Caterpilly, that's about how it went with my doctor. I was borderline without the nitro on my first TTT -- starting rate of 93 (though 80-85 was more accurate; they had me hooked up to the monitor and waiting for 15 minutes, and my heart rate stayed there. When the nurse practitioner came in, they started messing with me and strapping me in, so I jumped a bit, and then they didn't wait for me to level out before they tilted me) and 120/121 after 5 and 10 minutes. Once I got the nitro, I jumped to 151. My PCP used that tilt and all my symptoms to give me the dx, and she ordered IV fluid treatment. I haven't started yet, though. The home care group was going to set me up more than a week ago, but I haven't heard back. I also called the doctor to ask whether we should wait till I hear from the specialists (who seem to have a pretty mixed reputation, from what I can tell on this board), but I haven't heard back on that end, either. I'd like to avoid meds if I can; I'm already on so much.

[autumn]

An update: My doctor doesn't want to wait till we hear from the doctors in Boston, so I start IV fluid therapy today. If I feel significantly better, that could be an indicator, I suppose.

[autumn]

An update on Boston:

A nurse from my doctor's office called today to say she got the results from BIDMC, and they were borderline/abnormal. I can't even begin to express how relieved I am; I truly thought -- and feared -- they'd say I was fine. I can understand the borderline because I really was having a surprisingly good day when I had the testing, but it's good to know that even on a good day, they can tell things aren't quite right. I know this journey is really just beginning, but I can't help but feel as though I've reached the end of a very long road. I've spent my whole life, especially the last 10 years, having test upon test upon test and stumping doctors when the results came back perfectly normal. They'd tell me they knew something was wrong, but they couldn't find a source and so couldn't help me much. I'm just so thankful I finally have some answers.

Now I wait to hear from Boston about an appointment with the doctor.

[Rachel]

I hope that the test results will give your doctor good directions for treatment, and I hope that you will be able to see him soon.

All the best,

Rachel

[autumn]

Thank you, Rachel. I'm optimistic about what this all means. Some people don't understand why I'd be happy to have a dysautonomia diagnosis, but I tell them a name doesn't make my health situation any worse. If anything, it finally gives my doctors and me direction. I understand now why I have limitations that others don't have. I don't feel lazy or inadequate anymore, because I know this is something I can't will myself out of. I can stop fighting my body, accept it for what it is, and learn to work with it. I feel so much better about myself.

[autumn]

Another update: I was formally diagnosed with POTS today. My PCP said there's no doubt clinically, taking into account all my symptoms in addition to my two borderline tilts (each tilt showed a different set of issues, from what I can tell; my body's response wasn't the same). She even got to see my really dilated eyes today, which was just icing on the cake, really. I requested and got a script for florinef, though she said she hasn't had good long-term results with it.
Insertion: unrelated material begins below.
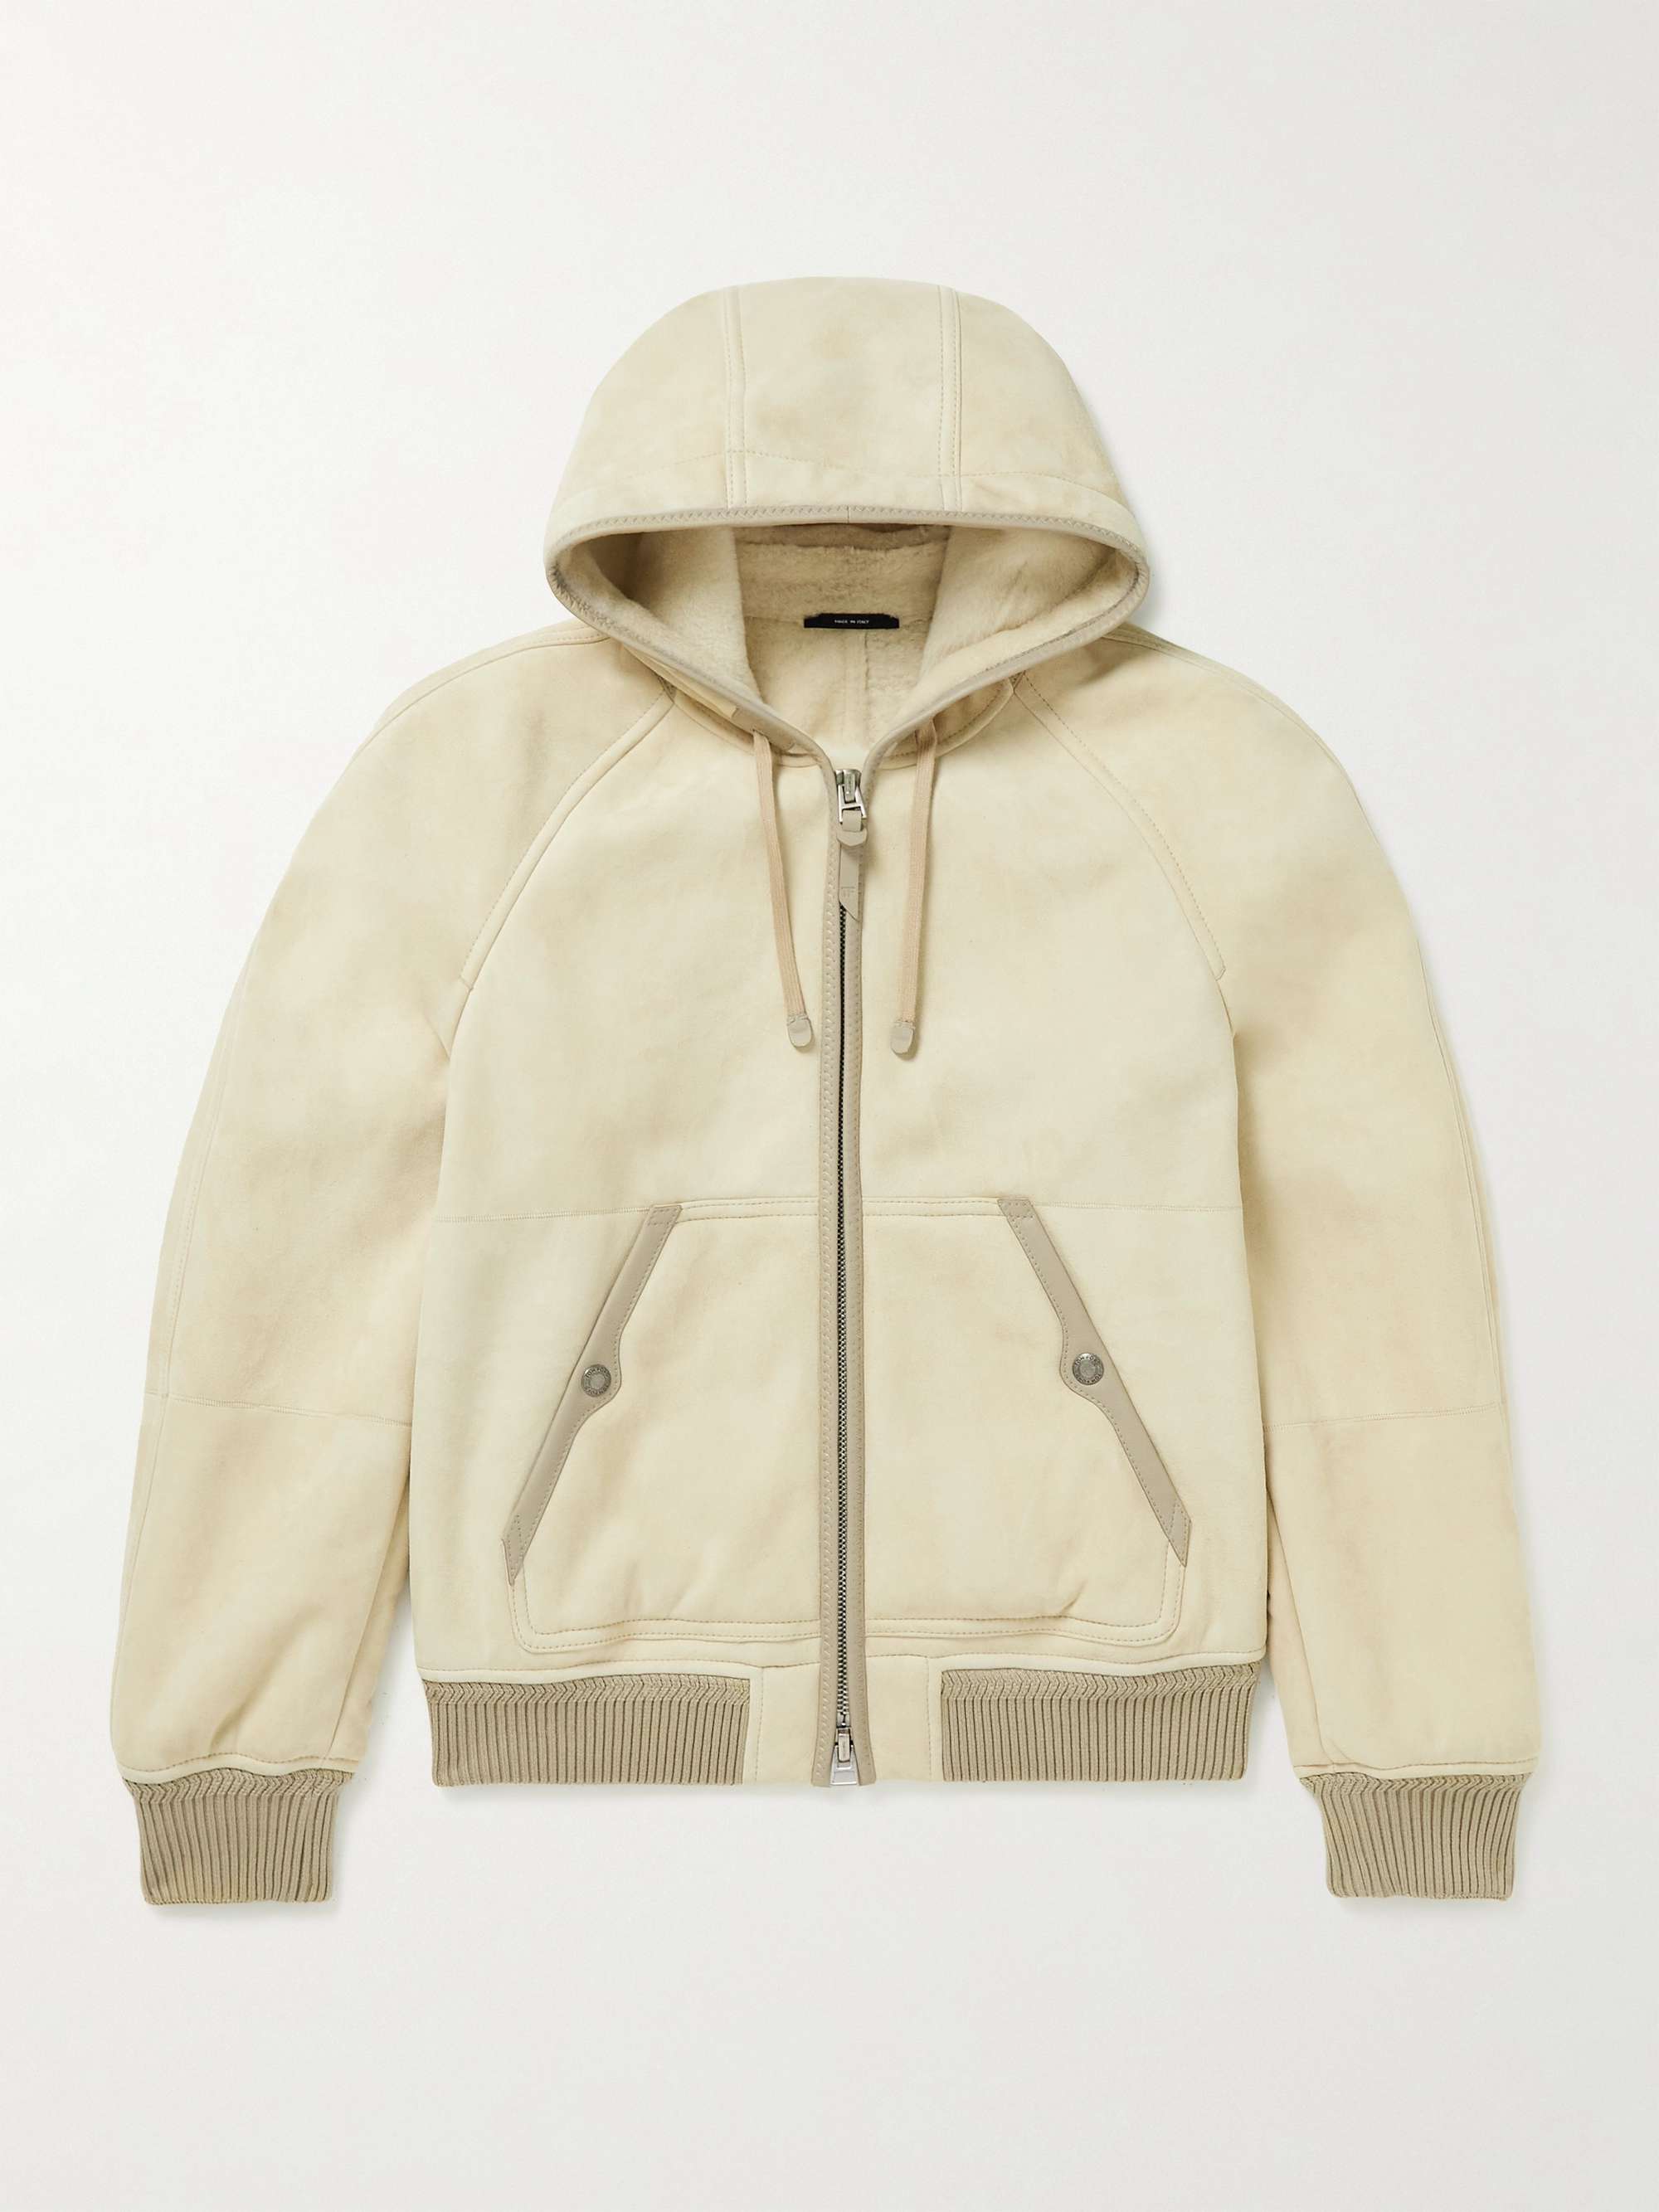 TOM FORD Leather-Trimmed Shearling Hooded Bomber Jacket

It might buy me a few months before I have recommit to IV fluids, she said, and we'll increase to twice a week then. She advised me to get a PICC, but I'll probably put it off for as long as possible and opt to get stuck twice a week instead. I asked her about my recent vein issues -- they're hard to find, hard to stick, move around a lot and are just generally "fragile," the nurses said -- and she attributed it to POTS taking a toll there. She said my diagnosis of inappropriate sinus tachycardia probably still stands, that it's not just POTS, but that my ventricular tachycardia is probably autonomic in nature.

And there you have it. Within three months, I had a doctor do what many more couldn't do in a decade: figure out what's wrong.